Does the sum:
$$\sum_{k=1}^{\infty}k(p^{\frac{(k-1)k}{2}}-p^{\frac{(k+1)k}{2}})$$ $$ p\in\mathbb{R}|0{\leq}p<1$$ converse, and if so, to what function?
Does the sum:
$$\sum_{k=1}^{\infty}k(p^{\frac{(k-1)k}{2}}-p^{\frac{(k+1)k}{2}})$$ $$ p\in\mathbb{R}|0{\leq}p<1$$ converse, and if so, to what function?
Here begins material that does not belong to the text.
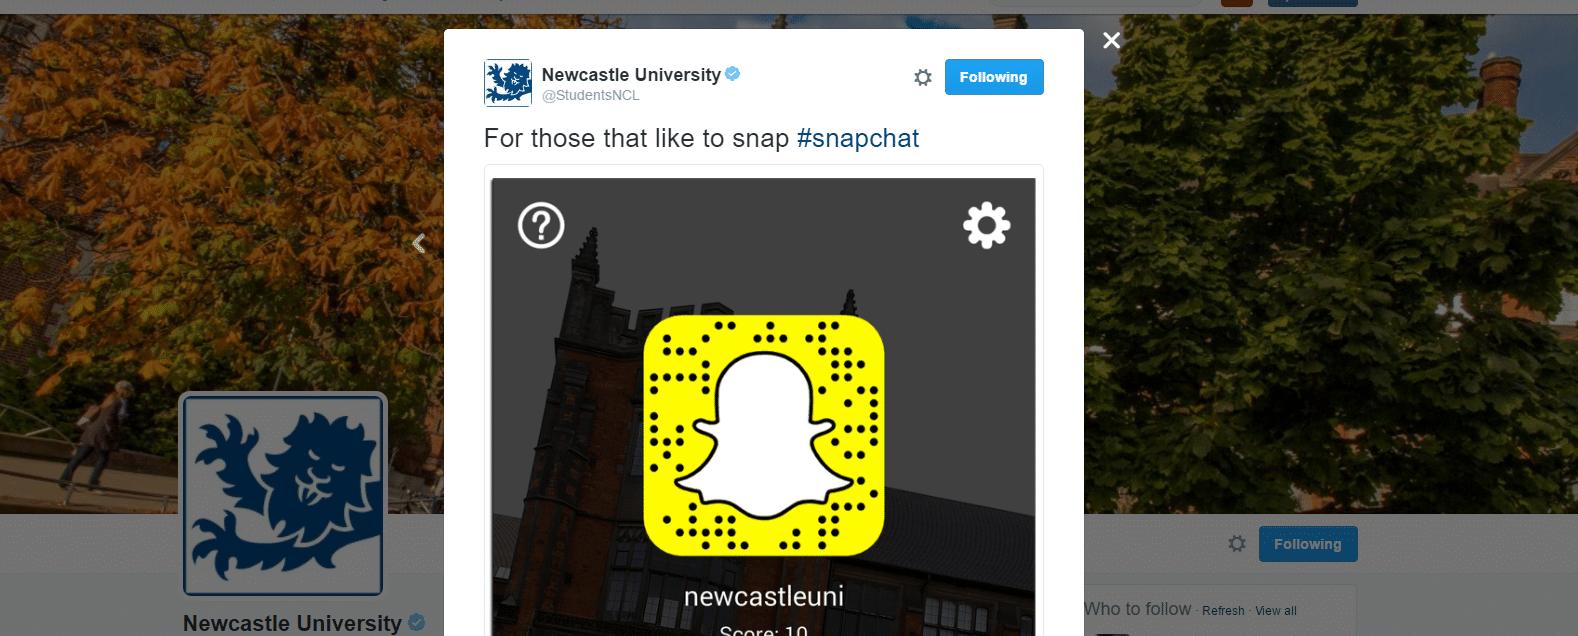 newcastle-uni

Let's simplify your expression to get Carl Najafi's expression :
\begin{align} \sum_{k=1}^{\infty}k\left(p^{\frac{(k-1)k}{2}}-p^{\frac{(k+1)k}{2}}\right)&=\sum_{k=1}^{\infty}k\;p^{\frac{(k-1/2)^2}2-\frac 18}-\sum_{k=1}^{\infty}k\;p^{\frac{(k+1/2)^2}2-\frac 18}\\ &=\sum_{k=0}^{\infty}(k+1)\;p^{\frac{(k+1/2)^2}2-\frac 18}-\sum_{k=1}^{\infty}k\;p^{\frac{(k+1/2)^2}2-\frac 18}\\ &=\sum_{k=0}^{\infty}\;p^{\frac{(k+1/2)^2}2-\frac 18}\\ &=\sum_{k=0}^{\infty}\;p^{\frac{k(k+1)}2}\\ \end{align} Proving Carl's claim.
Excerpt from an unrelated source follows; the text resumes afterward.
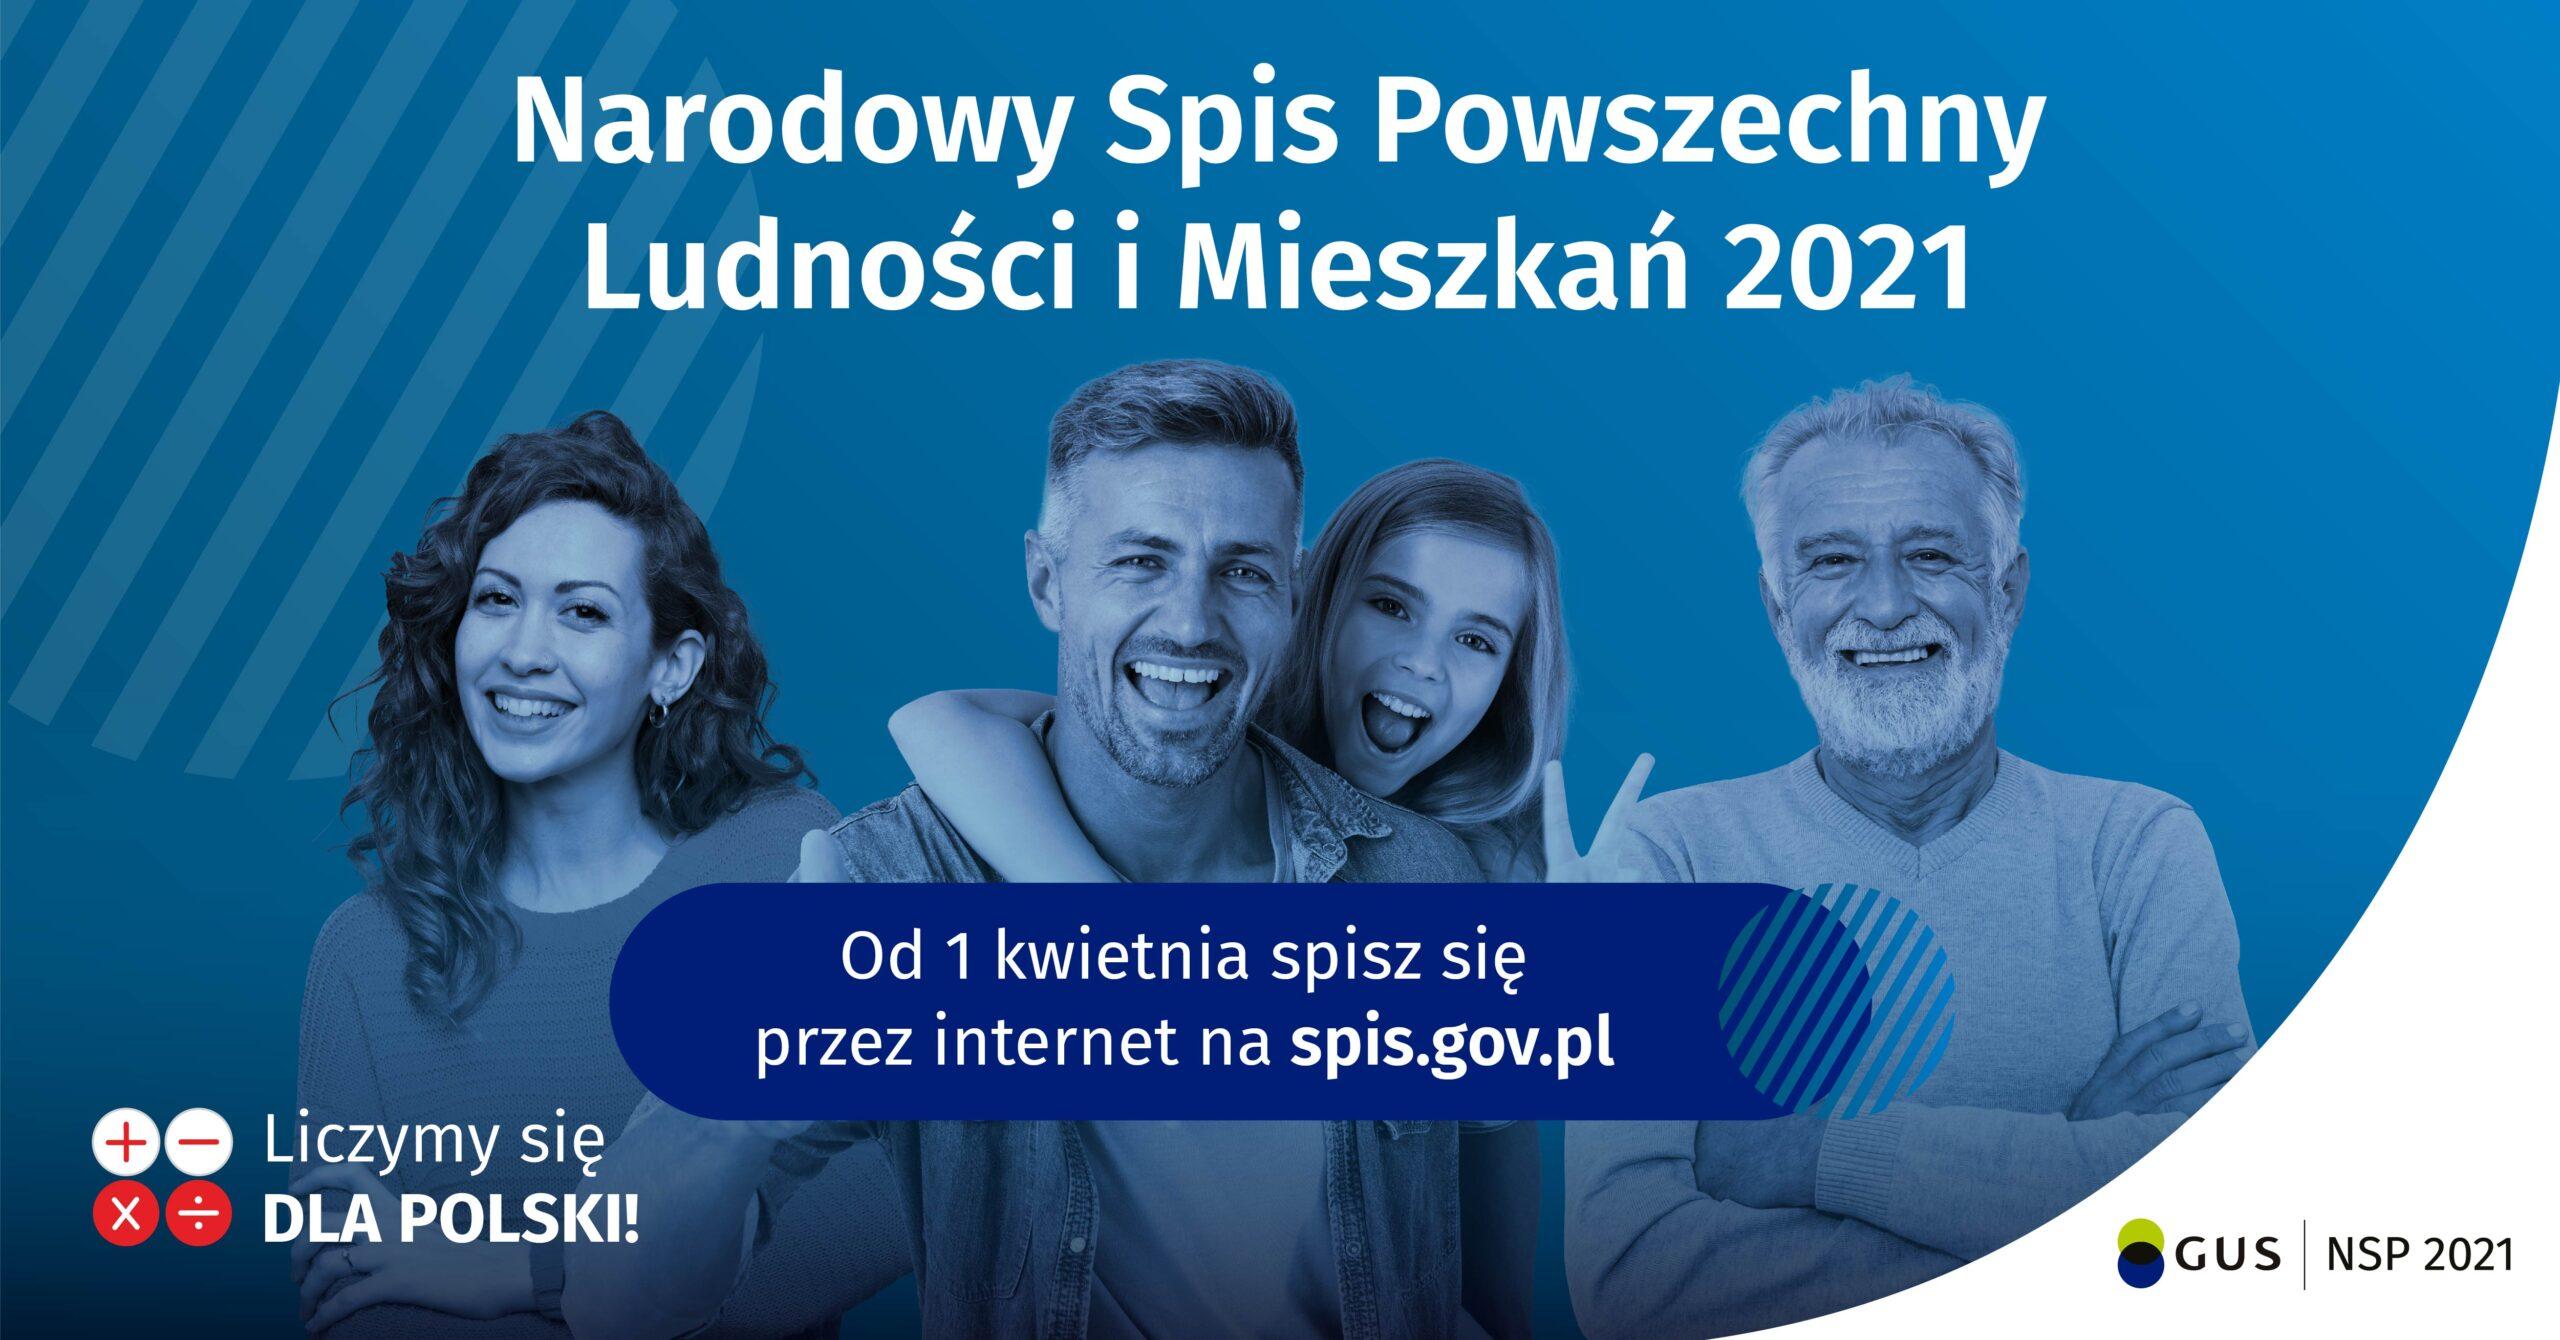 Narodowy Spis Powszechny Ludności i Mieszkań 2021 plakat

After that you'll simply have to use the definition of the second theta function $$\theta_2(0,\sqrt{p})=2\sum_{k=0}^{\infty}\;\sqrt{p}^{(k+1/2)^2}$$ to get the Alpha result (since $\sqrt{p}^{1/4}=\sqrt[8]{p}$) : $$\frac {\theta_2(0,\sqrt{p})}{2\;\sqrt[8]{p}}\quad\text{for}\ 0<p<1$$